Regulation has long been a touchy issue for me. I of course understand things like preventing companies from dumping chemicals into water, but today’s regulations go so far beyond that to the point of absurdity and stemming innovation.
Look at AI and its fast pace. One of the primary reasons it’s moving so quickly is because there is so little regulation around it. It is a certainty that the more regulation around a given sector or product, the less innovation it has and the more expensive it will be. Essentially, regulation is a hidden tax on everything we use and purchase.
My personal favorite example is nuclear power. Even many environmentalists would like to build new nuclear power plants. France has the cleanest air in the world because they generate most of their electricity with nuclear. China is building hundreds of nuclear power plants. AI will require thousands of megawatts of new power that no other source can provide.
But the extreme regulation around nuclear makes it both extremely time consuming and prohibitively expensive.
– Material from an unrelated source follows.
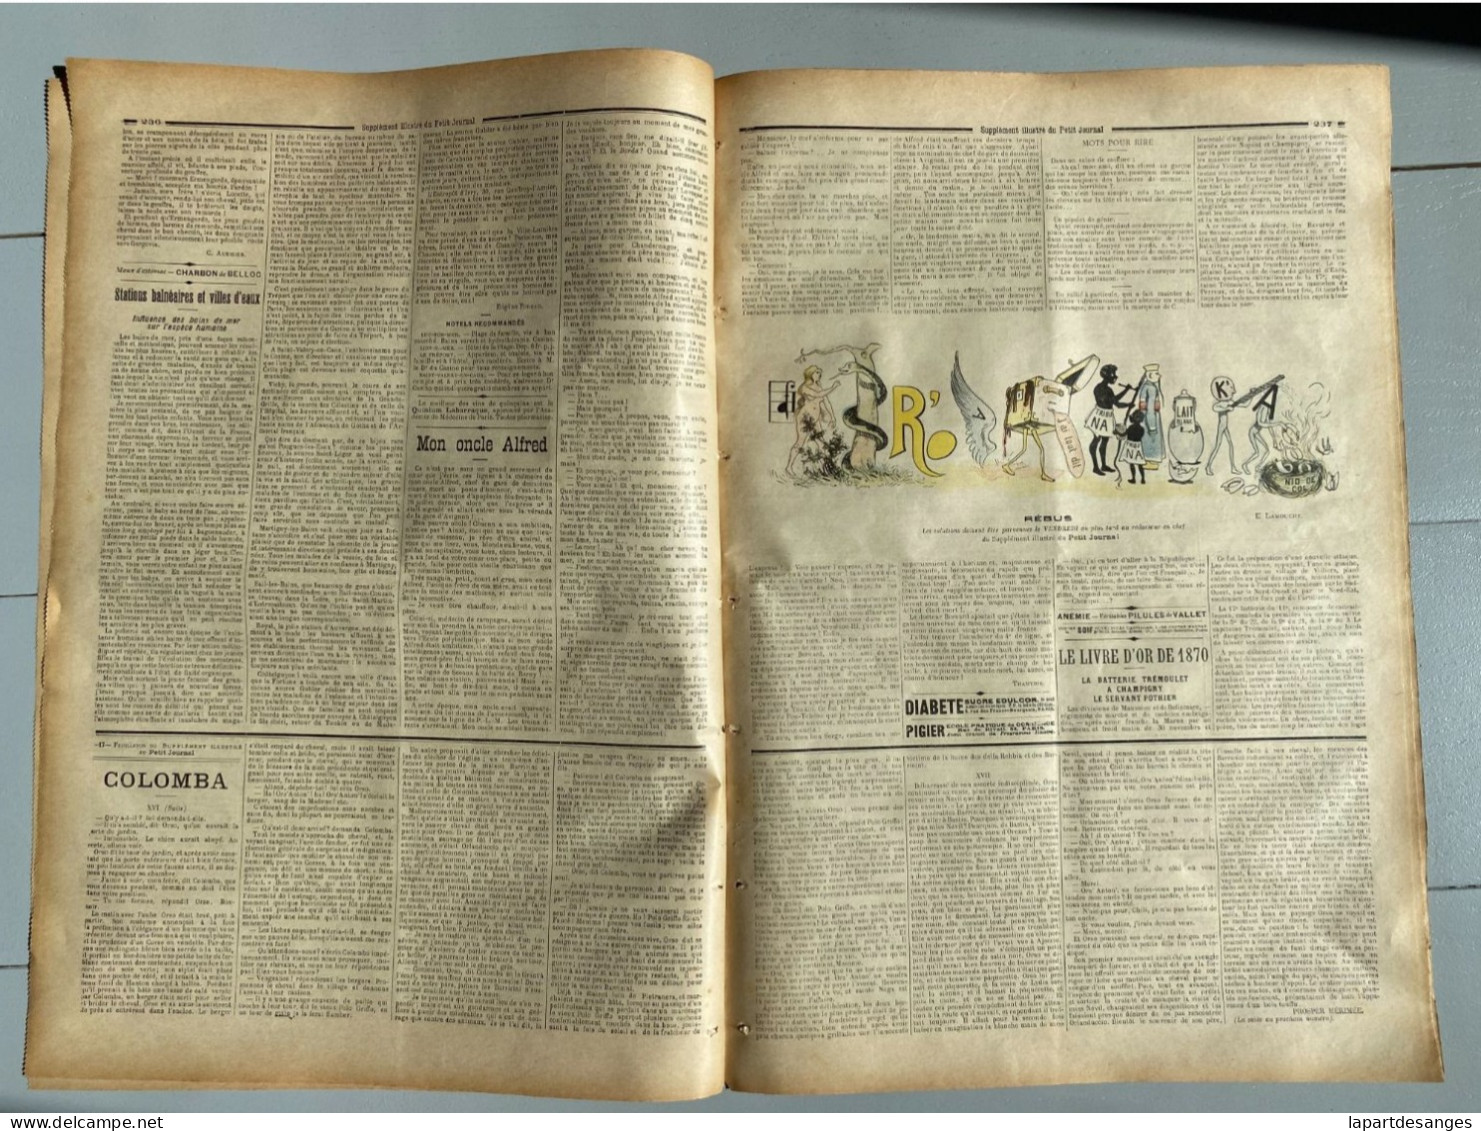 LE PETIT JOURNAL N°297 - 26 JUILLET 1896 - VICE ROI LI-HUNG-CHANG - CHINE - CHINA - EVENEMENT EN CRETE - Unclassified

Most of these regulations were passed decades ago before modern nuclear reactor designs significantly reduced risk. In fact, including Chernobyl, Three Mile Island, and Fukushima, nuclear actually has the lowest deaths per megawatt of power generated, even lower than solar and wind since a few installers are killed each year deploying both. Yet despite its excellent safety record, the US government puts so much red tape in front of building a new plant so drastically increasing the cost that we have resorted to keeping old plants operating long after their original decommissioning date. The effect is decreased safety and significantly more expensive electricity, as most of us can attest with our bills.
In fact, Peter Thiel’s Founder’s Fund mentions an interesting concept about energy in its manifesto. For society to flourish, the cost of energy production needs to continuously go down since consumption dramatically increases with technological innovation. Yet since the 1970s, the cost of power has consistently risen at an unsustainable rate. Why? Well, regulation. And we all pay for it.
Housing is another good example. I have spoken to several developers who have told me the reason so little new housing built in comparison to, say, the 2000s is directly related to increased costs of regulation. A significant portion of our ever more expensive housing and shortage can be explained by over regulation.
I am a huge fan of the proposal that Elon Musk get involved auditing the federal government for waste and unnecessary regulations. The bureaucracy has continued to grow to serve the growing bureaucracy and has ventured into the territory of the asinine. Governmental regulation and bureaucracy should not hinder innovation, technological advancement, and the building of necessary infrastructure, all of which it constantly does today.
It’s time to simplify the codes as much as possible so that our economy and new innovations can thrive.